Red Teaming AI: Where Data Science Meets Cybersecurity
I’ve always believed in the power of cross-disciplinary learning, which led me to complete the AI Red Teamer Job Role Path through Hack The Box and Google, see my Proof of Completion. This training gave me valuable insights into the vulnerabilities in AI systems—from prompt injection attacks to data poisoning—and provided me with the tools to ethically test and secure them.
Standout Projects:
Data Poisoning Attacks on spam classifiers.
Prompt Injection Experiments targeting large language models (LLMs).
Model Manipulation & Adversarial Attacks using red team tactics.
These efforts align with frameworks like Google’s Secure AI Framework (SAIF) and the OWASP Top 10 for LLMs, and they’re preparing me to contribute to the rapidly evolving field of AI security.
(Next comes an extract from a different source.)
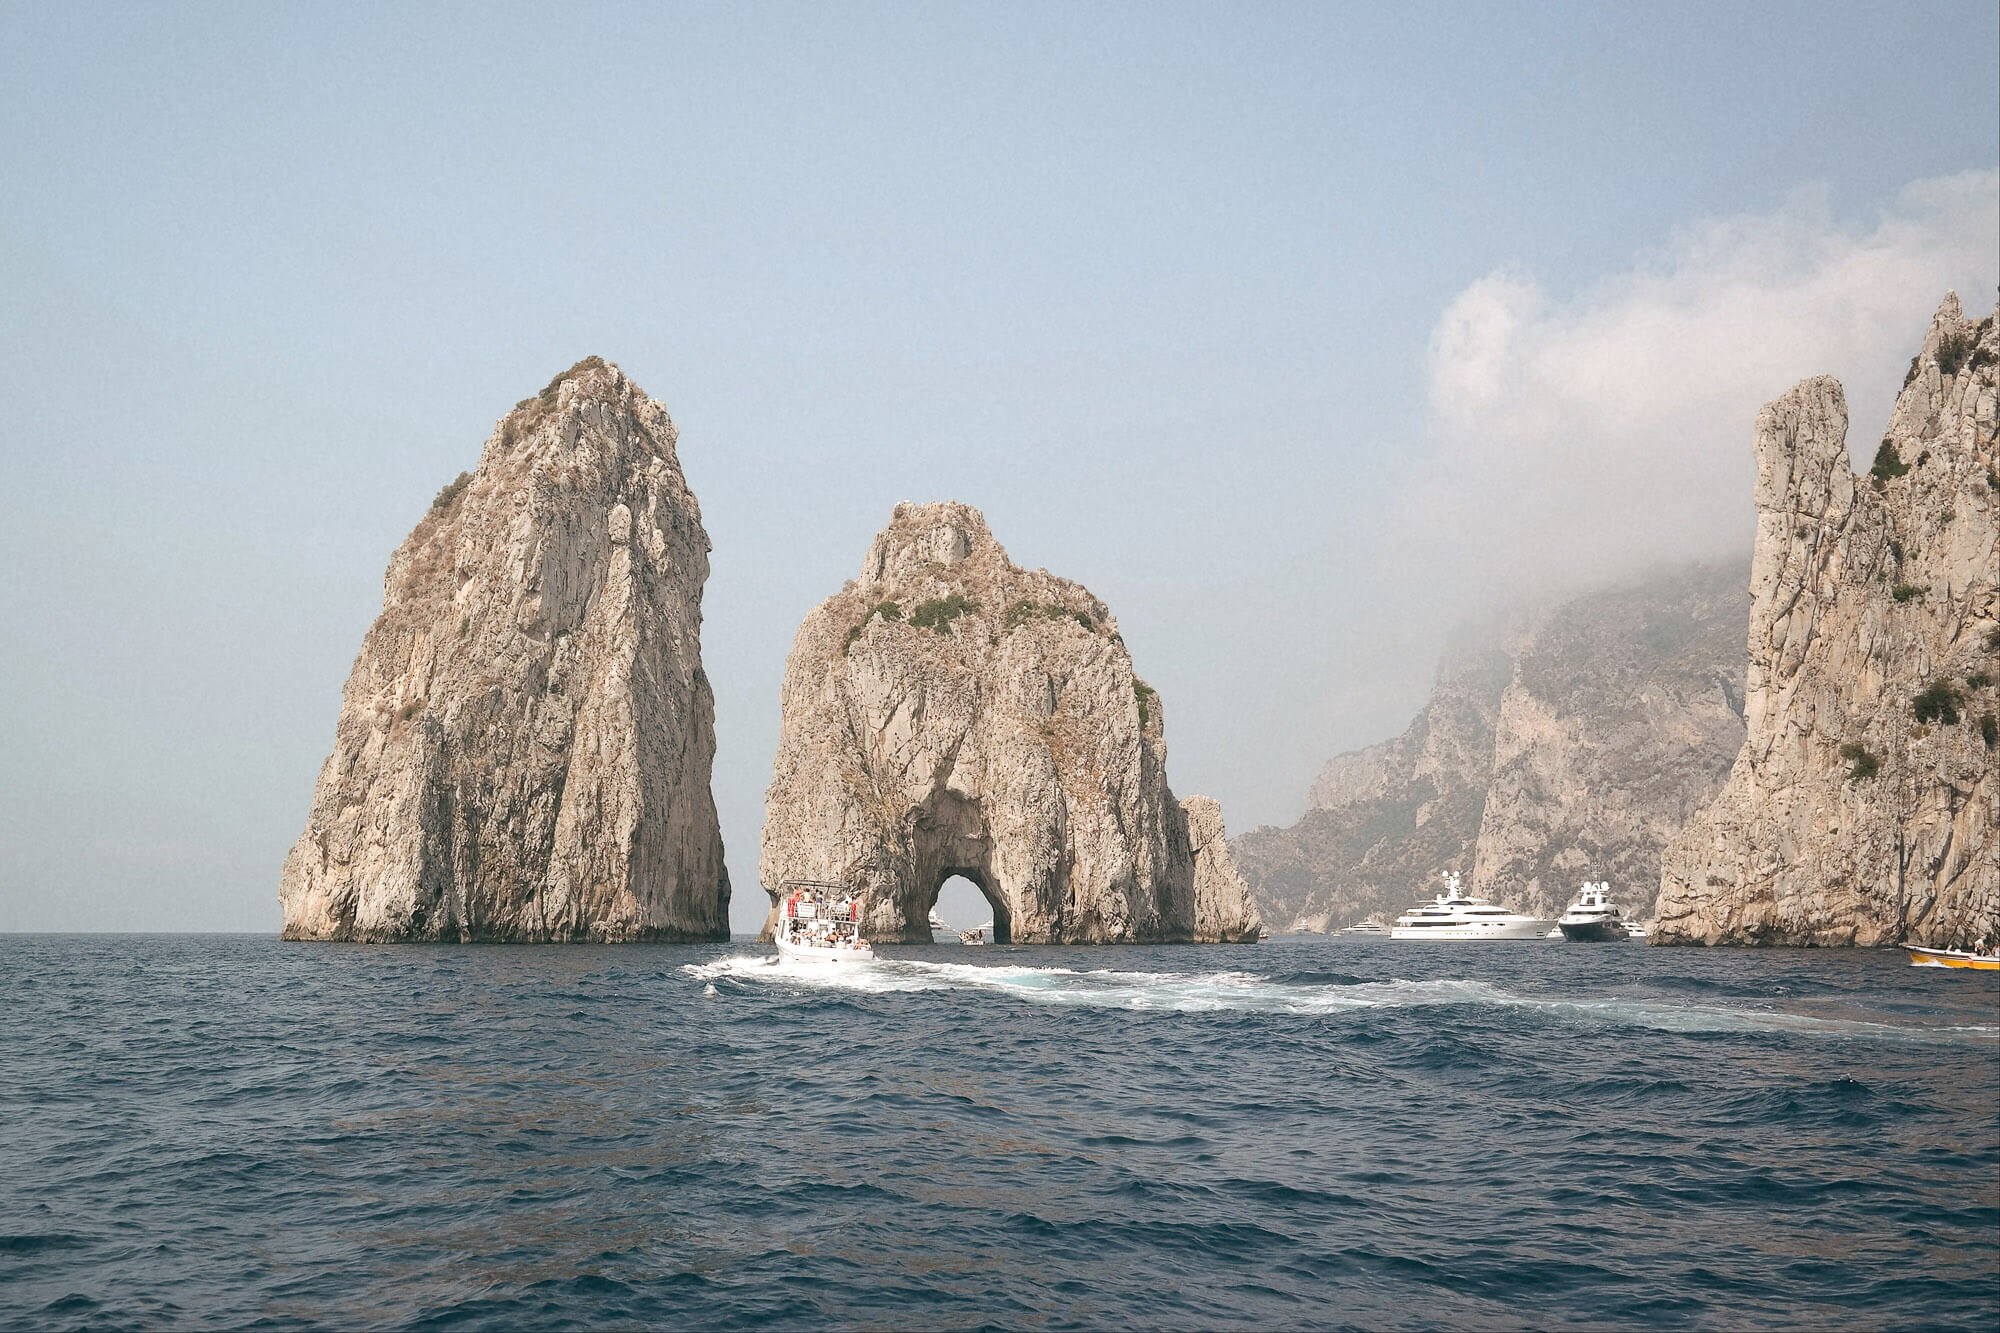 While in Positano, take a boat ride to La Fontelina, Capri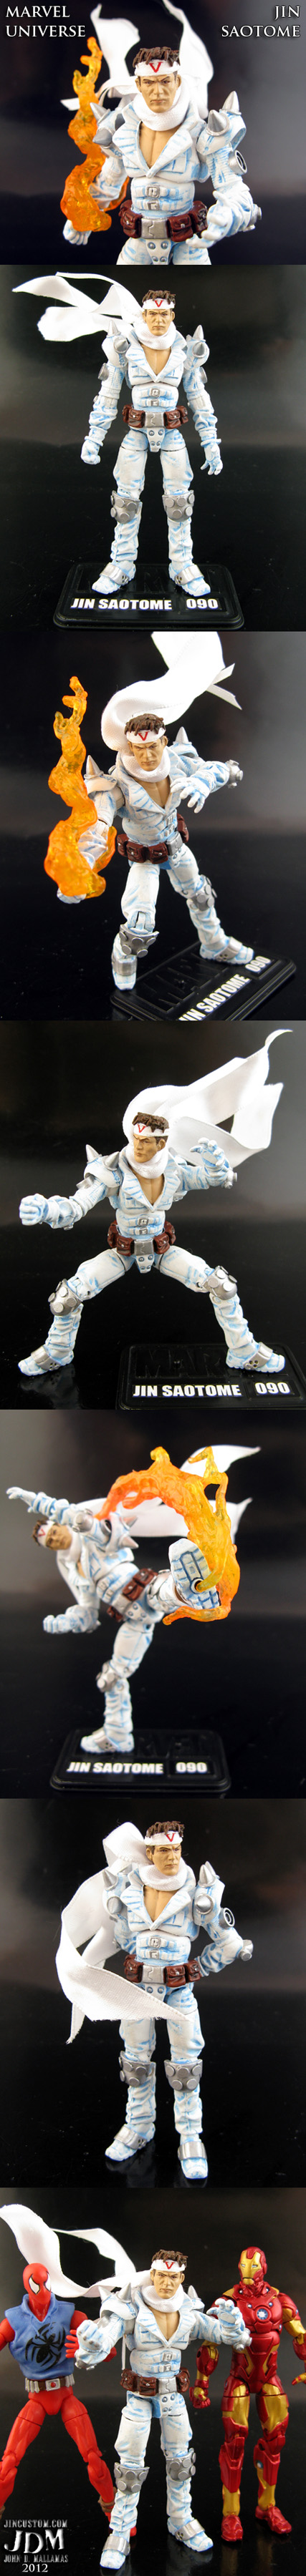 Jin Saotome Action Figure

If you’re interested in the intersection of AI and cybersecurity, explore my specialized repositories on Red Teaming AI and AI Prompt Injection for more detailed projects.
My Evolving Data Science Toolkit
Along the way, I’ve become fluent in a wide range of tools and techniques that power modern data science and AI research. These include:
Languages:
Python (my go-to for everything from data wrangling to prototyping ML models)
Core Libraries:
Pandas, NumPy, Scikit-learn, TensorFlow, Keras, NLTK, PyTorch
Specializations:
Exploratory Data Analysis, Machine Learning, Deep Learning, Reinforcement Learning, Natural Language Processing (NLP)
Data Visualization:
Seaborn, Plotly, Tableau—to transform raw numbers into engaging visual narratives.
Security & HPC:
CUDA for GPU acceleration, OpenAI Gym for RL environments, and Red Teaming TTPs for security-focused applications.
I continue to reinforce my learning with hands-on Jupyter notebooks, research papers, and technical books. Currently, I’m diving into Malware Data Science the book, where I bridge the gap between offensive security and AI, with plans to integrate Context Model Protocol (CMP) to automate software reverse engineering at scale through GHIDRA.
For a deeper dive into my work and to explore my latest projects, check out my GitHub repositories:
The Road Ahead
If you’re new to Data Science, or considering diving into the field, I encourage you to start small, experiment, and learn by doing. Don’t be afraid to fail forward. The journey has its obstacles, and I’ve encountered more than a few. But each challenge has contributed to my growth, and I’m excited to see where this path takes me.
As I continue my graduate studies, my focus is shifting toward the intersection of theory, mathematics, and practical application. I’m also exploring automated software reverse engineering by integrating GHIDRA with Data Science, which I believe will be transformative for cybersecurity and malware analysis.
The beauty of Data Science is that it’s an ever-evolving field—constantly changing with new tools, techniques, and insights. I’m not sure where this journey will lead, but that’s part of the excitement.
Stay curious, keep learning, and see where it takes you!